Петр Павлович возился у себя в прозекторской со слитком, найденным в комнате Глебовой: капал на него из пипеток различными реактивами и рассматривал реакцию в микроскоп.

— Не сходится! — объявил Илья Алексеевич и сел на стул рядом с умывальником на стене.

— Что не сходится? — не отрываясь от окуляра, отозвался криминалист.

— Не мог этот Капай убить ни Крючина, ни тем более Горского. Слишком уж он простоват, как мне кажется… А здесь первоклассный пасьянс разложен.

— А мадам прорицательницу?

— Возможно… Для нее, по крайней мере, имеется улика с этим кольцом.

— Все-таки его отпечаток? — обрадовался Жарков. — Ну вот видите! Если убил Галю, отчего ж вы его в других убийствах не видите? Ведь ваша Глебова именно его описывала — с такими приметами трудно ошибиться. И у Горского он был — Аладьин это подтвердил. И рост подходящий… И замашки вполне цинические. Я бы сказал, все факты сходятся.

— Глебова могла специально прислать Капая в лабораторию, чтобы потом наивный Аладьин указал на него.

Жарков оторвался от окуляра микроскопа и несколько мгновений растерянно моргал.

— Думаете, Глебова специально дала вам описание Капая, чтобы отвести подозрения от себя? Но где она его видела?

— Она могла дать приметы случайного человека. А Капай заходил к ее соседке, генеральше Сторожевой. Глебова вполне могла с ним столкнуться. Да и не важно где!

— Хм… — задумался Жарков, пытаясь сложить в голове новую картину преступления.

— Важно, что, если мы допустим, будто именно Глебова является главарем этой банды, череда событий становится более логичной, — продолжил мысль Ардов.

— Оснований так считать предостаточно! — с жаром согласился Жарков. — У нас имеется экспертиза почерка надписи на стене, наблюдения Шептульского и слиток из квартиры!

— А также показания городового Пампушко, которого сегодня едва не задавили у банка во время этой странной выходки новых робингудов.

— Неужели действительно разбрасывали золотые слитки? — оживился Жарков.

— Угу. Разбросали — один. Остальные так и оставили в ящиках.

— Я бы не назвал это примером щедрости, — сыронизировал криминалист. — Вы его изъяли? Это же улика! Хорошо было бы сличить, — он кивнул на желтый брусок, лежащий под микроскопом.

— Его изъял ваш коллега из Отдельного корпуса, — не удержался от колкости Ардов.

— Брусникин?

Ардов кивнул.

— Господа жандармы прибыли на место происшествия на удивление быстро. Как и ограбление ювелирной лавки, этот инцидент они объявили предметом сугубого интереса Третьего отделения Собственной Его Величества Канцелярии.

— Но вы рассказали Брусникину об уликах против Глебовой? Если допустить, что она расправилась с Крючиным…

— Я бы не торопился. Пока что мотивы убийства нуждаются в уточнении.

— Да что ж тут непонятного! — в нетерпении воскликнул Жарков.
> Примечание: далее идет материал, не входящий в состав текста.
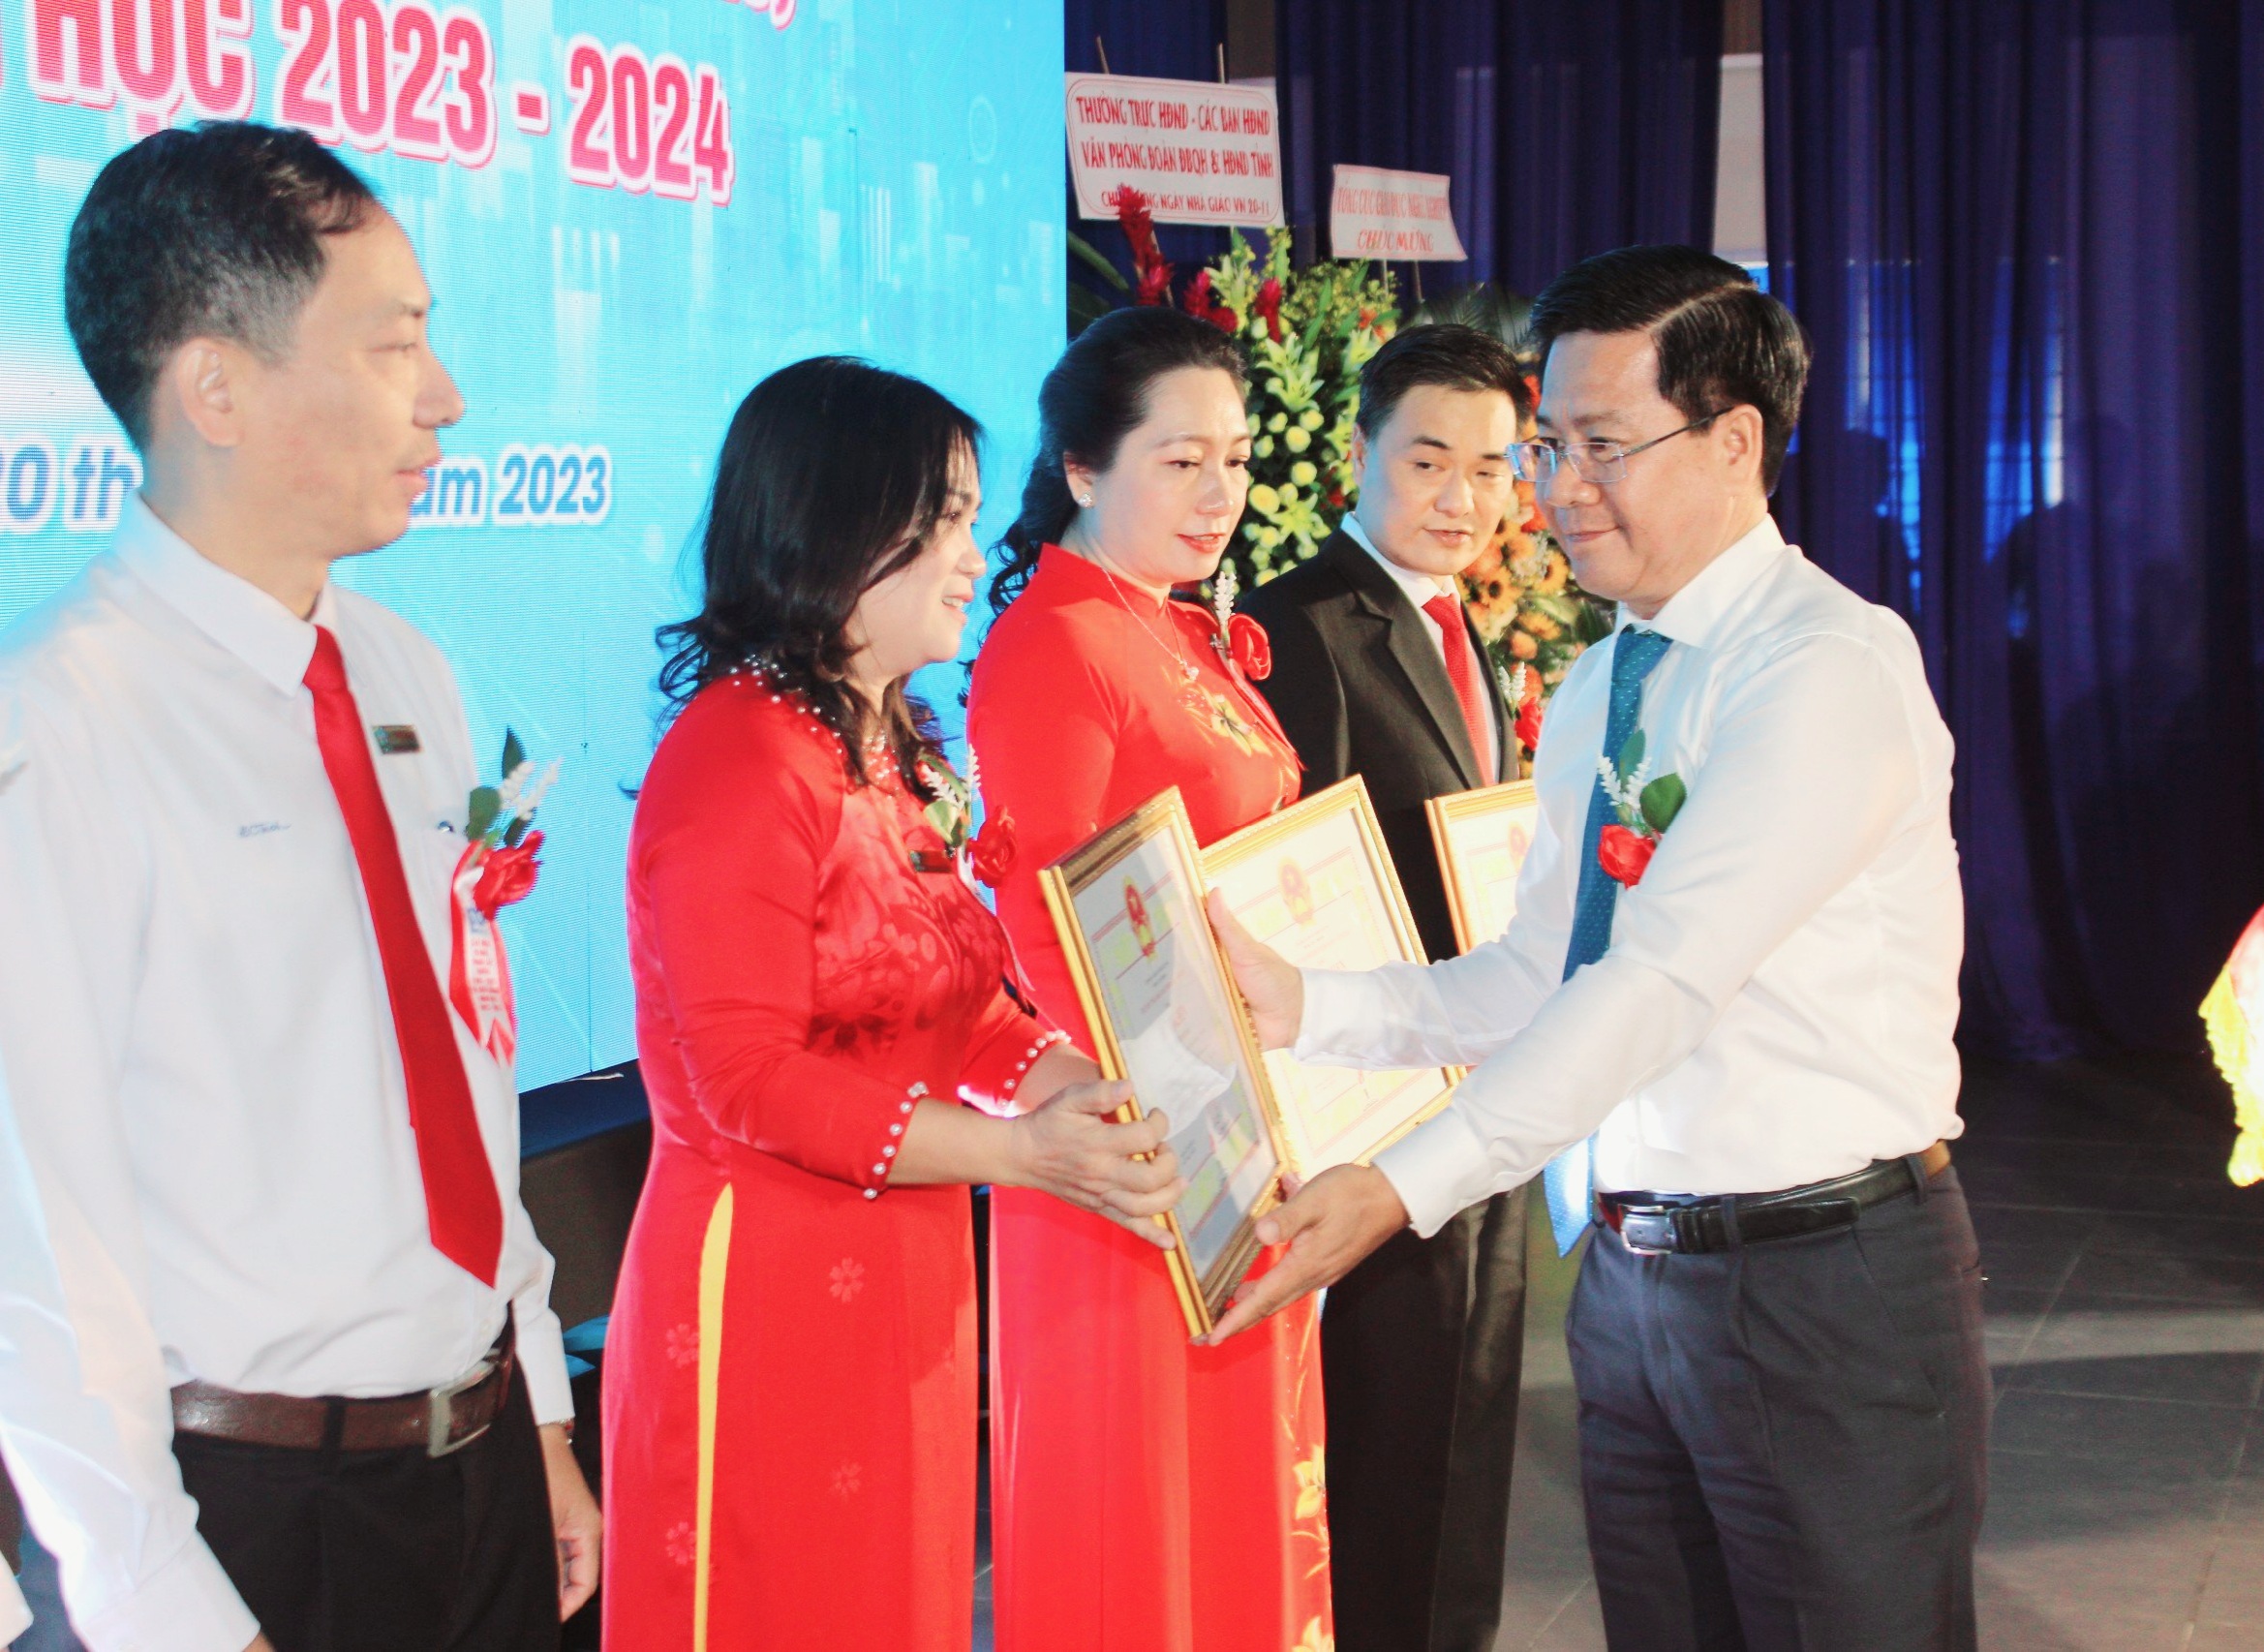 Nhân dịp này, UBND tỉnh tặng Bằng khen cho 5 tập thể, 5 cá nhân có nhiều đóng góp cho sự phát triển của Trường CĐ Kỹ thuật Công nghệ Bà Rịa - Vũng Tàu.

Честно говоря, процесс выработки рабочей версии преступления был едва ли не любимым занятием Петра Павловича. Эта часть работы более всего привлекала его в криминалистике. Беда заключалась лишь в том, что всякий раз, изобретая гипотезу, которая ему представлялась поистине безупречной, в конечном счете он приходил к совершеннейшему краху — после раскрытия преступления версия Петра Павловича на поверку оказывалась порядочным бредом, не имеющим ни малейшего отношения к действительности. Но сейчас Жарков не мог отказать себе в удовольствии включиться в умственную эскаладу.[66]

— Она могла соблазнить Крючина, чтобы получить формулу Горского, — предположил криминалист.

— Пожалуй, — подумав, согласился Илья Алексеевич. — Глебова говорила, что познакомилась с Крючиным в кондитерской, когда они оба заметили, что купили одинаковые пирожные.

— Ну вот видите! Проще простого! — обрадовался Жарков. — Но наш Крючин оказался честным парнем и, когда дело дошло до расплаты за удовольствия, отказался играть в грязные игры. Тогда, опасаясь огласки, Глебова его и убила.

— Допустим. И что дальше?

— А дальше решила действовать напрямую.

Жарков встал и принялся в возбуждении ходить по комнате между секционными столами, время от времени почесывая голову лихорадочными движениями, свойственными еноту.

— Когда Горский повторным экспериментом подтвердил действенность формулы, она явилась к нему и потребовала выдать секрет, — продолжил выстраивать логическую цепочку Петр Павлович. — Профессор, надо полагать, ответил отказом. И тогда она лишила жизни и его, завладела записной книжкой и отправилась разбрасывать золото по улицам Петербурга, обещая прохожим Апокалипсис. Революционеры — особая порода, Илья Алексеевич, — на всякий случай добавил Жарков, рассчитывая, что вероятные логические нестыковки в его версии можно будет списать на страстность натуры порабощенных ложными идеями борцов за всеобщее благоденствие. — Они ради своих умозрительных концепций любого готовы ухлопать.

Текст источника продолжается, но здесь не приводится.